Stepfamily life has its challenges and struggles. But honestly what family unit, relationship (personal or professional) doesn’t have its challenges. In these moments of challenge is where we have the opportunity to shed our skin and grow, but that’s usually easier said than done. Believe me I’ve been there. Over and over again and consider myself a work in progress while I’m learning the lessons. Each moment, each interaction allows me to look at how I may be adding to the drama or refraining from it. I read a wonderful quote the other day that I’d like to share:
"It is okay to be at a place of struggle. Struggle is just another word for growth. Even the most evolved beings find themselves in a place of struggle now and then. In fact, struggle is a sure sign to them that they are expanding; it is their indication of real and important progress. The only one who doesn't struggle is the one who doesn't grow. So if you are struggling right now, see it as a terrific sign - celebrate your struggle." ~ Neale Donald Walsch
What if we could shift our focus from something being a struggle to instead being a moment of expansion. So often we get caught up in the negativity of a situation and we lash out, or worse disengage, with those closest to us.

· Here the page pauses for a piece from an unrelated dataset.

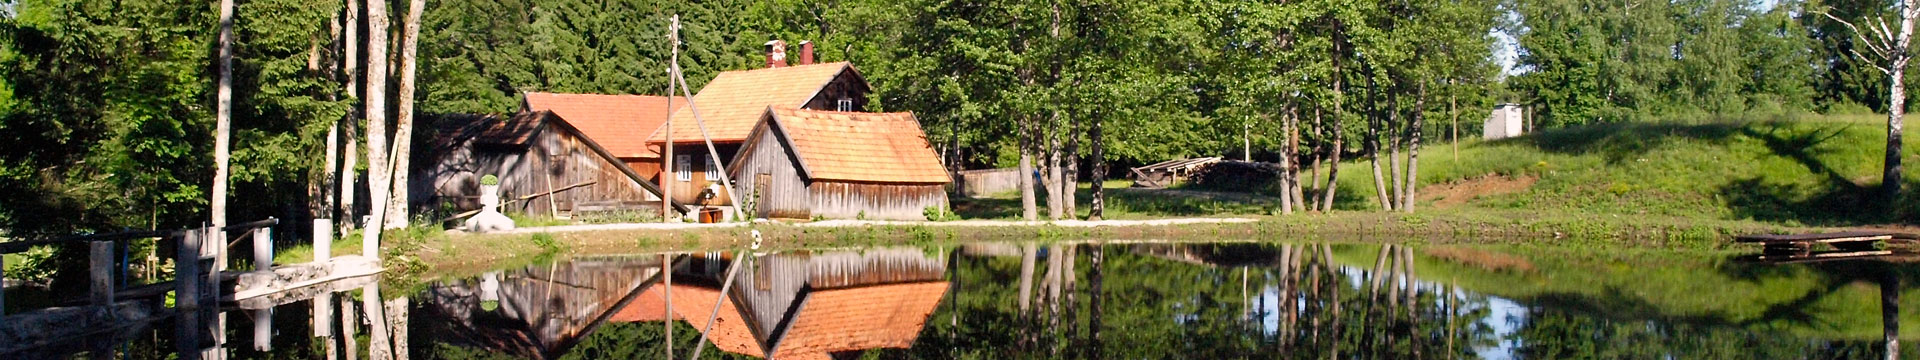 Camping Gorski Kotar  | AdriaCamps
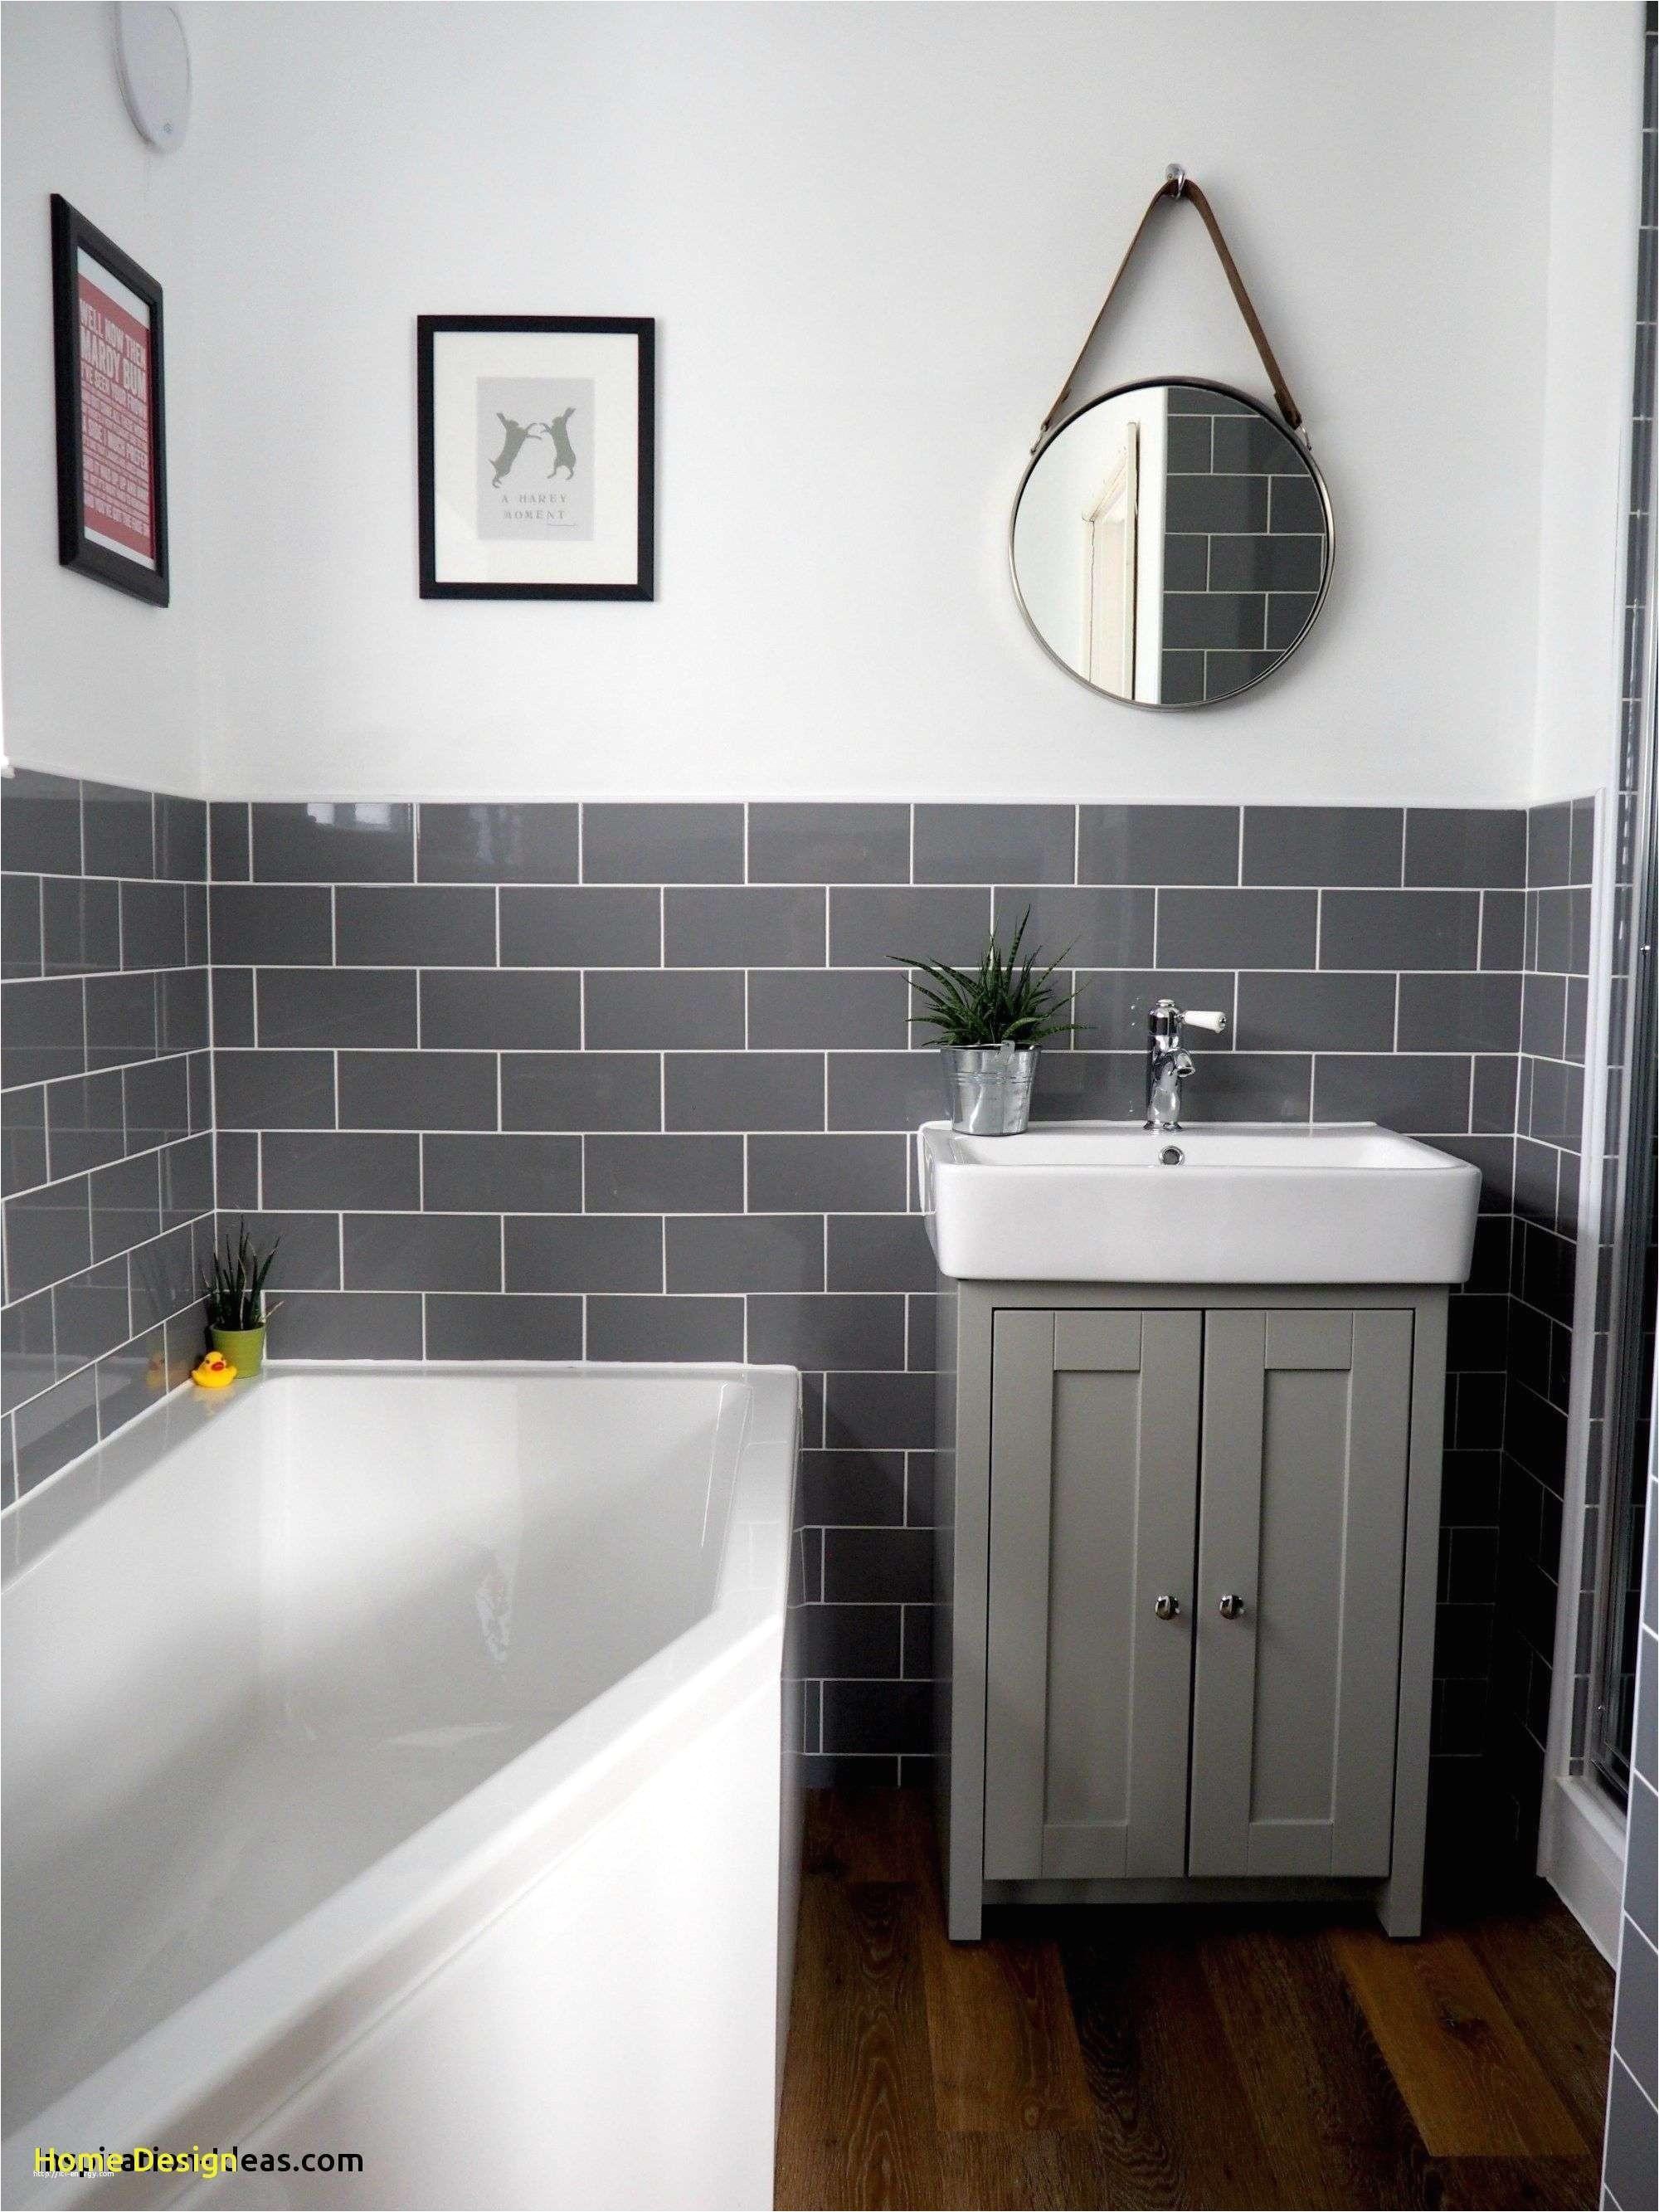 Home Tile Design Ideas New Bathroom Designs Bathroom Tile Designs For Small Bathrooms Tile

This may temporarily put a bandaid over the struggle we’re facing, but ultimately won’t help us move through it.
What if all of the little things that have the potential to irritate us daily could be discarded with the evening trash. What if we recognized all the beautiful lessons that come to us, especially through our loved ones and all the daily interactions, instead of being annoyed and frustrated with how we thought things should unfold. We are most comfortable and vulnerable with those closest to us which typically means we are capable of being the most cruel when we are moving through something difficult.
Stepfamily life allows for much growth as there are many opportunities for expansion. As a stepmom I’ve had my number of personal and relationship struggles to move through. Mostly all self-inflicted due to a fear based mentality and an adopted rigidity to coexist in the blended unit. (Which by the way, I don’t recommend as a means of coping). Some I had more grace than others when handling them. It’s said that the lessons we need to learn most will keep showing up until we learn them. From one stepmom to another you will at some point see light at the end of the tunnel and feel a small victory. When you do - celebrate it! Celebrate the little things and know nothing is static and that change is inevitable. We are all human and we all make mistakes, but in these mistakes are moments of vulnerability and growth if we’re willing to see and own them.
Next time your stepchild leaves their light on, leaves their dirty dishes laying around, has piles of clothes littering their room, or whatever the annoyance may be try to step back and see it as an opportunity for your growth instead of annoyance. You can only control your emotions and reactions and wouldn’t you rather be a peaceful example, rather than being the nagging one. I can confidently say you’ll feel better if you choose this approach as you let yourself off the hook. Let go of the inner struggles and focus on the happy you. You know that one that you maybe lost sight of. I’m here to tell you she’s still there and she wants to come out and play. Go shine your light, beauty.